Here are our favorite “effective measures” from CSPI’s letter: Revoking the Food and Drug Administration’s “generally recognized as safe” label for salt. Yes, salt. CSPI calls the old-school food additive “The Forgotten Killer,” but as we’ve pointed out before, their assault tastes funny.
Banning the use of trans fats. Remember, these are the same guys who used to say that “the charges against trans fat just don’t stand up.” CSPI nutritionist Bonnie Liebman once delivered the following verdict on the fat’s danger: “Trans, schmans.”
Limiting marketing of various CSPI-despised foods to children. In January we exposed how the science doesn’t support CSPI’s preposterous lawsuit claiming that parents are utterly powerless before the terrible might of advertising. The facts haven’t changed in the last four months.

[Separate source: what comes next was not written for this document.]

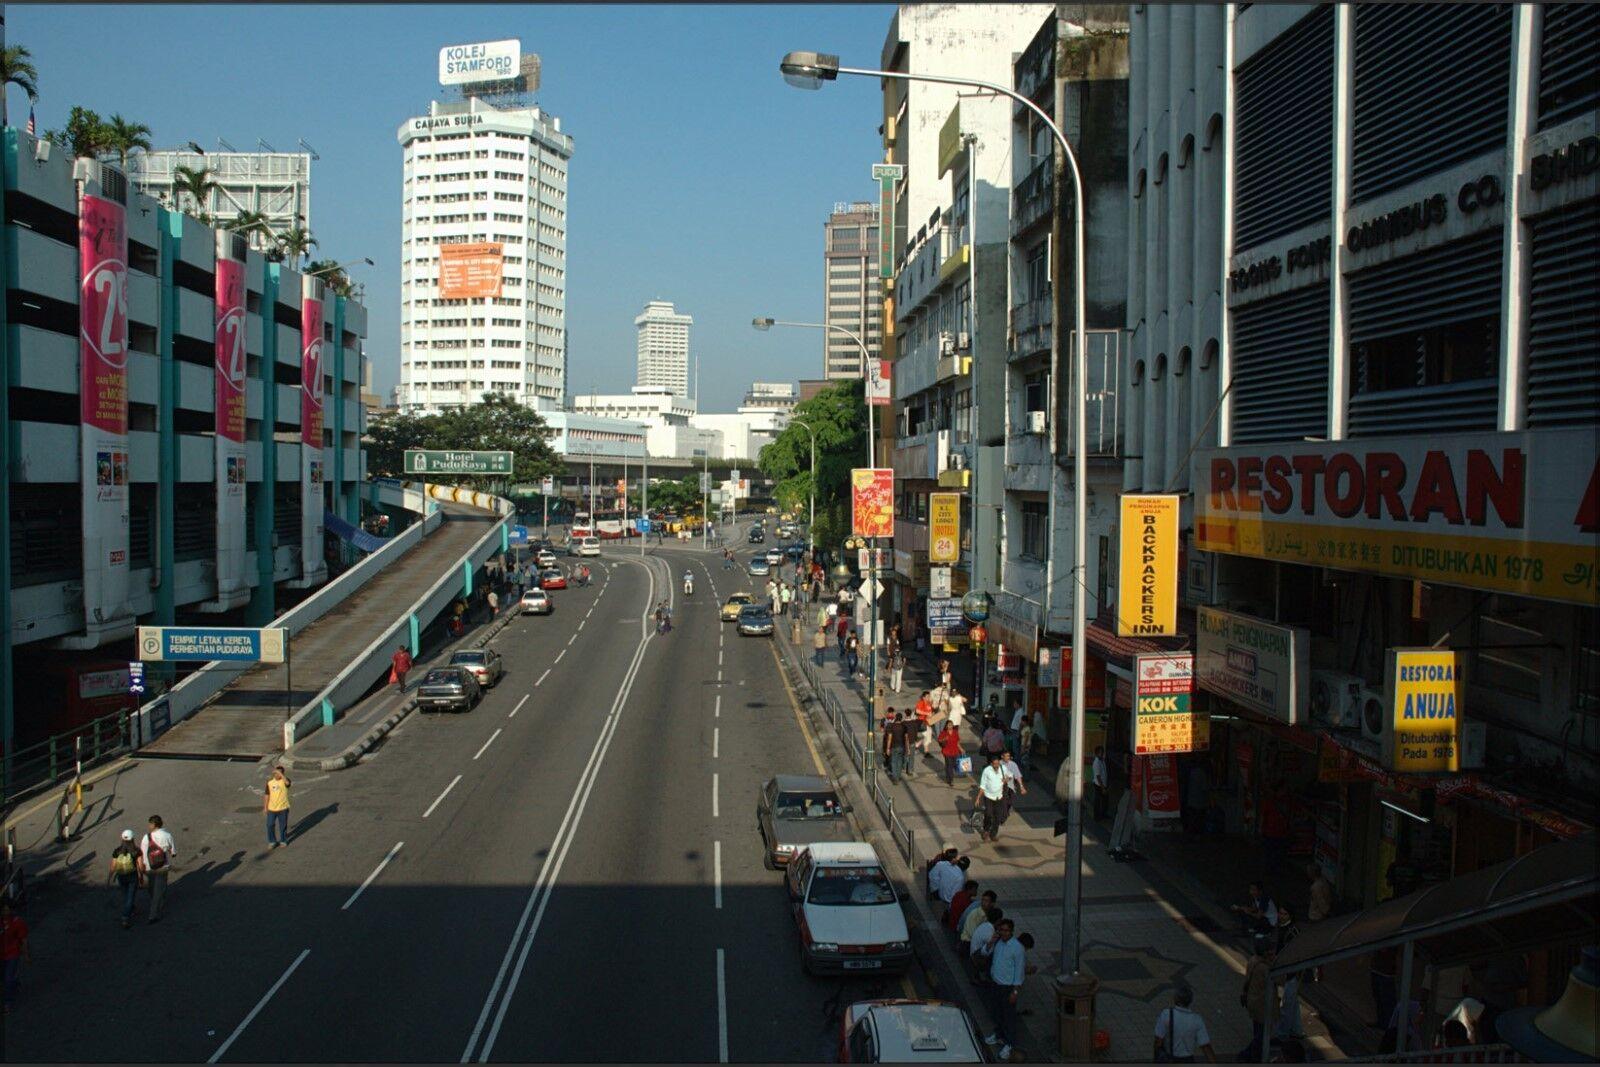 Plakat, Viele Größen; Jalan Pudu 20070218 003

Banning from schools snack foods that don’t meet CSPI’s nutritional standards. There’s a lot of science out there pointing out that snacks don’t play any special role in diet or body weight, but hey, why let science stop you?
CSPI did leave out one recommendation, however. The letter didn’t say a word about physical activity, even though the weight of scientific evidence identifies the decline in physical activity as a major (if not the primary) influence on obesity levels.